SF: I think the economy certainly hasn’t been in our favor. Land prices down there have been very, very high, although they seem to be coming down a little bit, which may help facilitate the deal.
I’m pretty confident that in the not too distant future we’re going to see something happen down there. I don’t have anything to announce — but there’s more interest in the last couple months than there was in the six months prior to that.
MR: You have made a mini-career of bringing together disparate groups and telling them to meet, talk among themselves and work together.
SF: I’m glad that I’ve been able to fill the facilitator’s role. It will mean more to me if those things become long-lasting. That’s one of the reasons why the way I operate is different. Some people say I should stand here, pound the desk and say, ‘THIS IS THE WAY IT’S GONNA BE!’ I don’t view that behavior as being for long-term progress. I think the community has to come together. I see my role as bringing those forces together for the long-term interest.
MR: Will Bob Ulrich’s decision to step aside as mayor of St. Petersburg interrupt the mood of cooperation across the bay?
SF: No. I think it’ll continue. David Fischer and his wife were at my swearing-in ceremony. Bob Ulrich was also there. That never would have happened four or five years ago.
I don’t know David Fischer at all, but I know of him and I’m real comfortable with him.
MR: Would you favor a Tampa BAY Sports Authority if a Major League Baseball team is awarded to St. Petersburg? What about a Tampa Bay United Way for the arts?
SF: I’m not sure I favor a Tampa Bay Sports Authority or a Tampa Bay United Way for the arts.
As much as I support regionalism, there are always going to be times — and there should be times — when we maintain our separate identities. Yes, we should work together on sports, but no, I don’t think we ought to have a Tampa Bay Sports Authority.
MR: How would you describe your relationship with the business community?
SF: I think I have a good relationship with the business community. There were times early on that maybe it wasn’t as good as it is now, but I think that was because I was somewhat unknown to them as a chief executive. My style is very different. I don’t just call a half-dozen people for advice. I call a LOT of people. And so I think there might have been some people who thought they were cut off.

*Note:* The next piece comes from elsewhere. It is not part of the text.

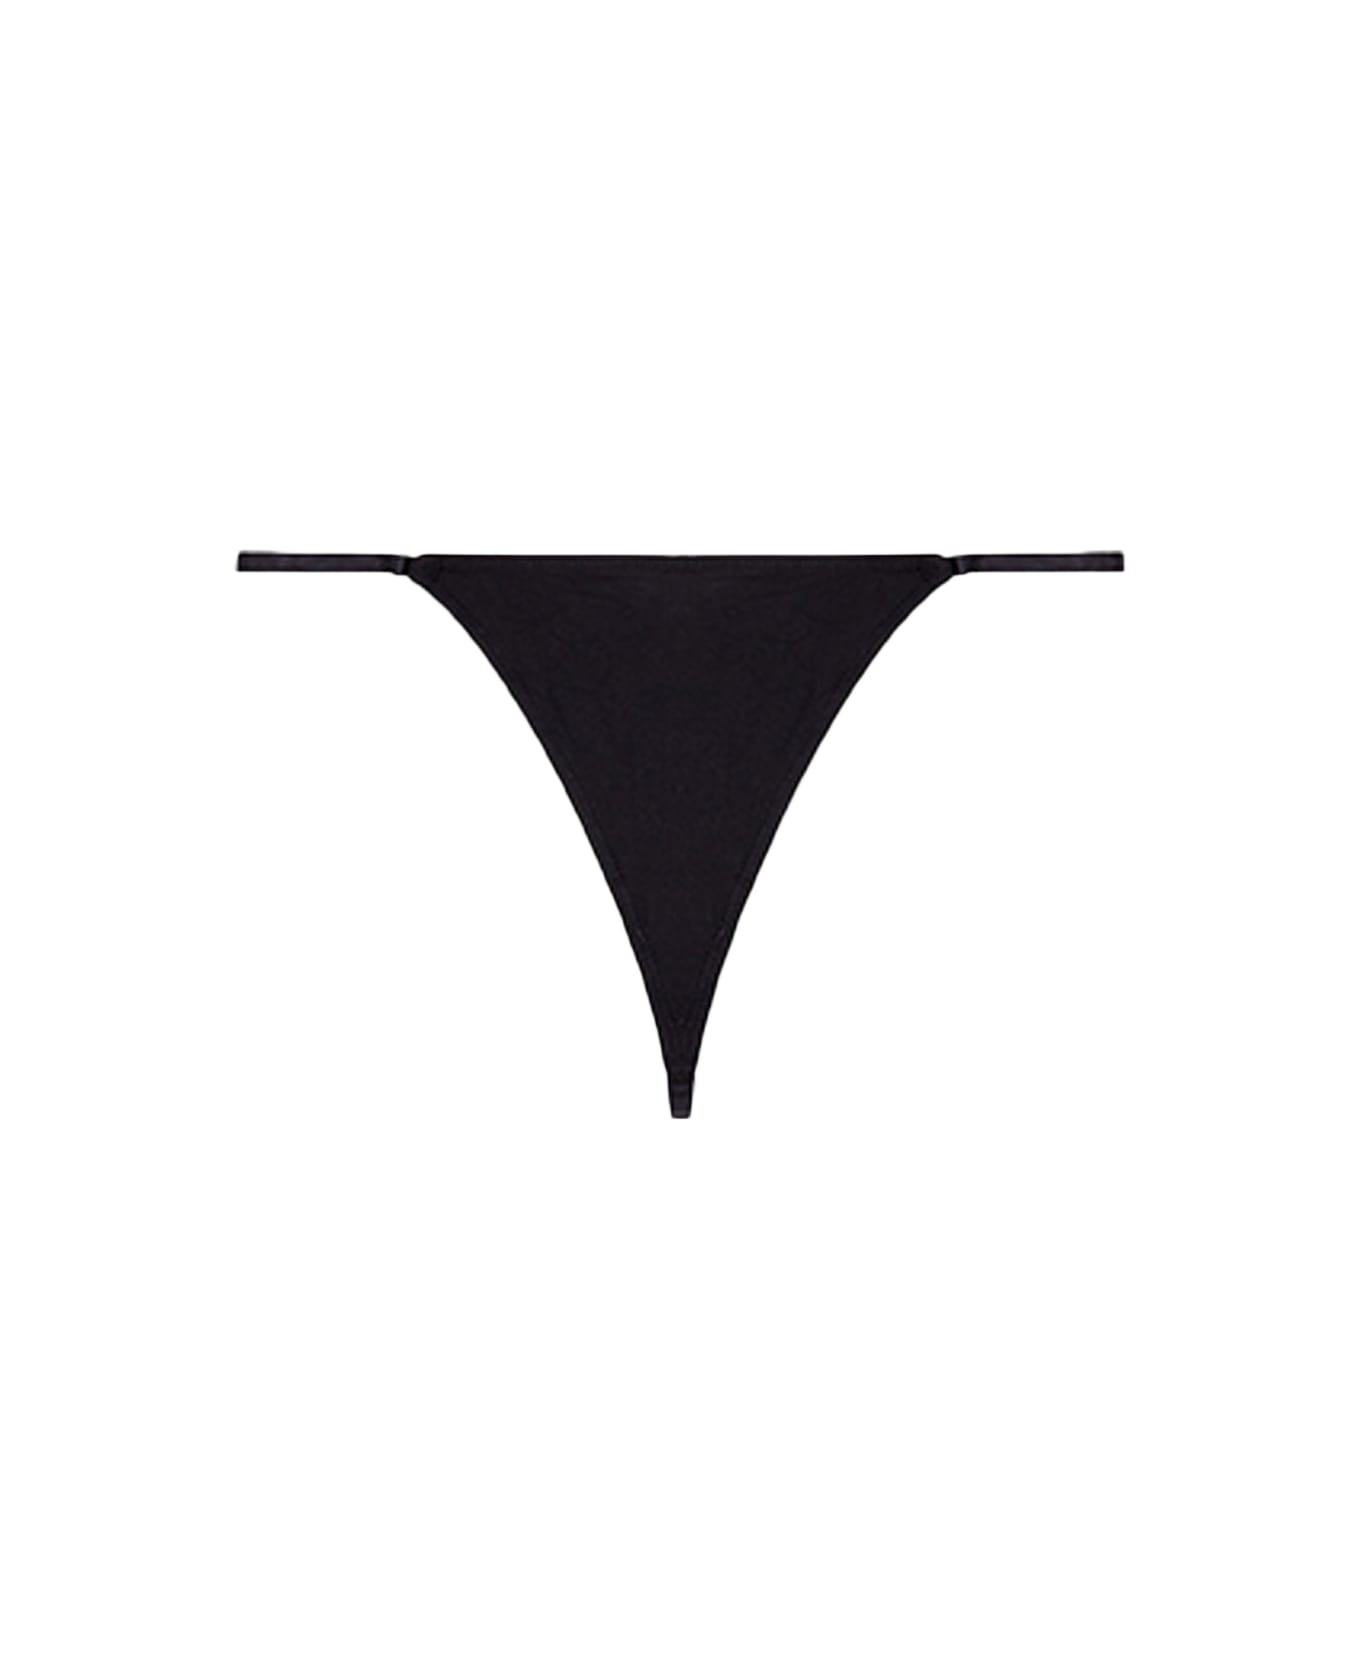 Diesel Ufst-d-string Black thong with metal Oval D logo - Ufst D-String - Nero
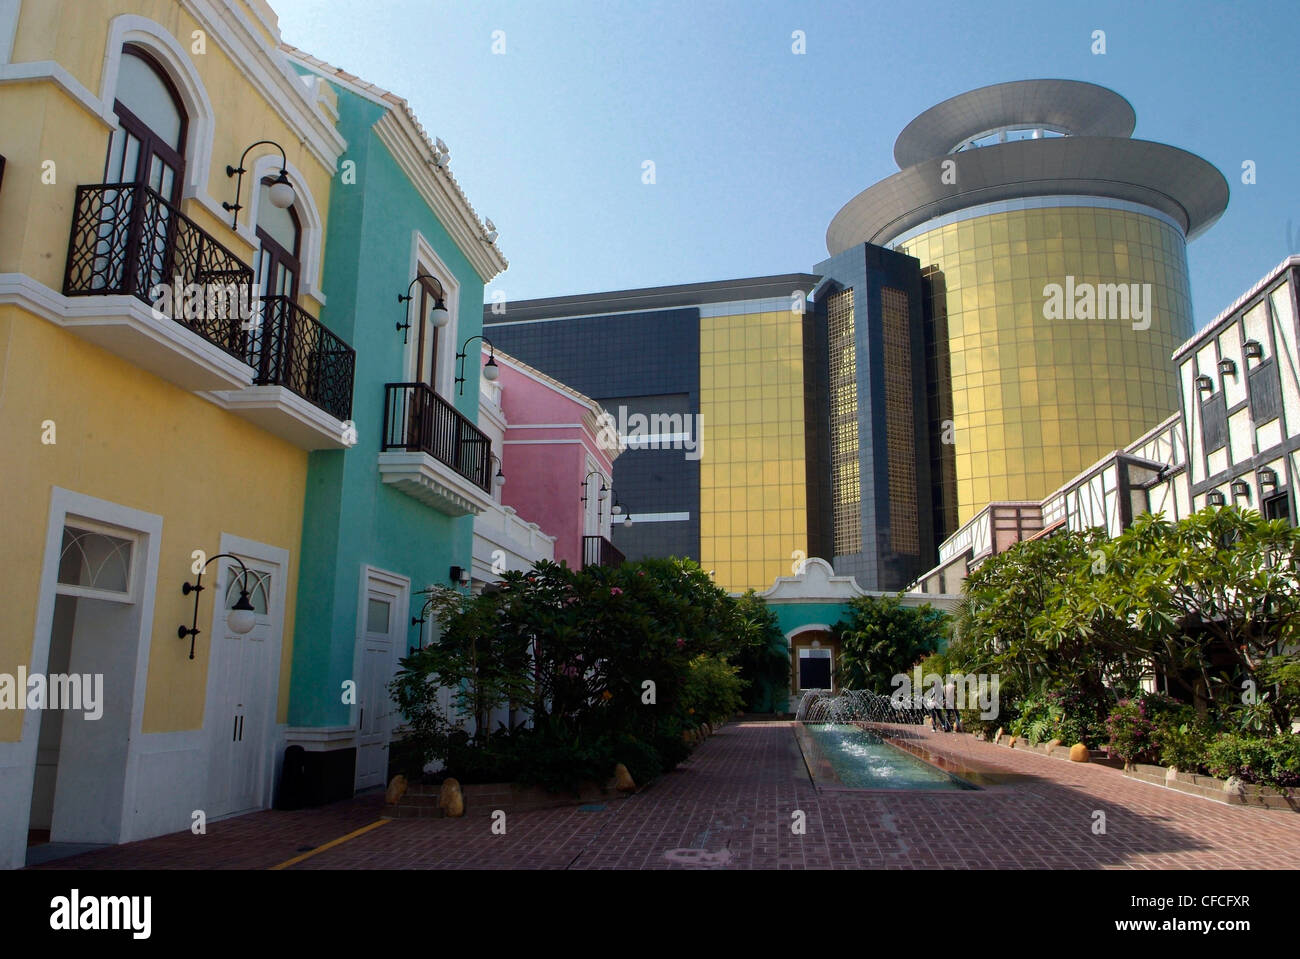 Chine - Macao Sands Hotel/Casino et Fisherman's Wharf bâtiments de style colonial portugais colorés la trame Sands Hotel. Banque D'Images

I’m very supportive of good, sound economic development.
MR: Do you consider yourself and your administration pro-business?
SF: I think we’ve demonstrated that we are.
MR: What do you think of the Hillsborough County Commission’s proposal to establish its own economic development commission?
SF: I think it’s a mistake.
Government does some things very well and some things we don’t do very well. I think we need to acknowledge that. I don’t think this is an area government could do really well. We can help facilitate economic development, clearly, by our actions as well as our resources. But I think the Committee of One Hundred has done quite well; I think they can do better. There’s been a fragmentation of economic development with the proliferation of University North, the Parkway Association, Ybor City, downtown, Westshore — which hasn’t necessarily accrued to the benefit of the overall economic picture.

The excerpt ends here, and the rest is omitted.